Beyond Class Reloading - Archives
Reloading classes is something Java developers have complained about for a long time, but once we solved it, other problems turned up. The Java EE standard was developed without much concern for development Turnaround (the time it takes between making a change to code and seeing the effects of that change in an application). It expects that all applications and their modules be packaged into archives (JARs, WARs and EARs), meaning that before you can update any file in your application, you need to update the archive -- which is usually an expensive operation involving a build system like Ant or Maven. As we discussed in Reloading Java Classes 301 this can be minimized by using exploded development and incremental IDE builds, but for large application this is commonly not a viable option.

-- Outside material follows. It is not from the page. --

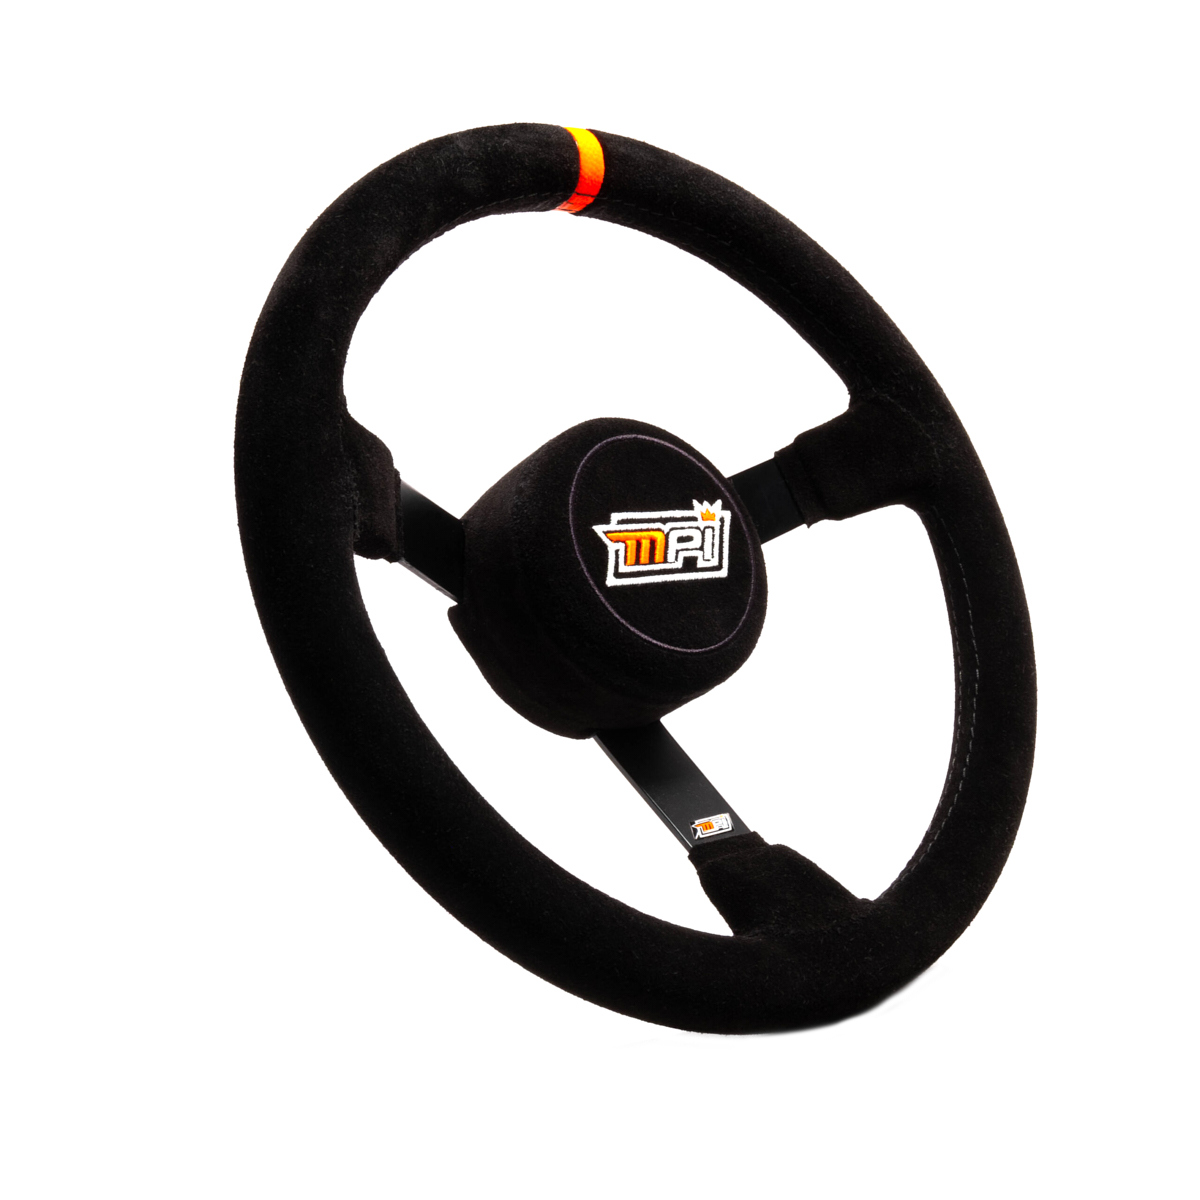 MPI USA MPI-MP-13 Steering Wheel, Stock Car, 13 in Diameter, 3 in Dish, 3-Spoke, Black Suede Grip, Orange Stripe, Steel, Black Anodized, Each

To solve this problem in JRebel 2.x we developed a way for the user to map archived applications and modules back to the workspace -- our users create a rebel.xml configuration file in each application and module that tells JRebel where the source files can be found. JRebel integrates with the application server, and when a class or resource is updated it is read from the workspace instead of the archive.
This allows for instant updates of not just classes, but any kind of resources like HTML, XML, JSP, CSS, .properties and so on. Maven users don't even need to create a rebel.xml file, since our Maven plugin will generate it automatically.
Beyond Class Reloading - Configurations and Metadata
En route to eliminating Turnaround, another issue becomes obvious: Nowadays, applications are not just classes and resources, they are wired together by extensive configuration and metadata. When that configuration changes it should be reflected in the running application. However it's not enough to make the changes to the configuration files visible, the specific framework must reload it and reflect the changes in the application.
To support these kinds of changes in JRebel we developed an open source API that allows our team and third party contributers to make use of JRebel's features and propagate changes in configuration to the framework, using framework-specific plugins. E.g. we support adding beans and dependencies in Spring on-the-fly as well as a wide variety of changes in other frameworks.
This article sums up the methods to reload Java classes without dynamic class loaders. We also discuss the reasons for HotSwap's limitations, how JRebel works behind the scenes and the problems that arise when class reloading is solved.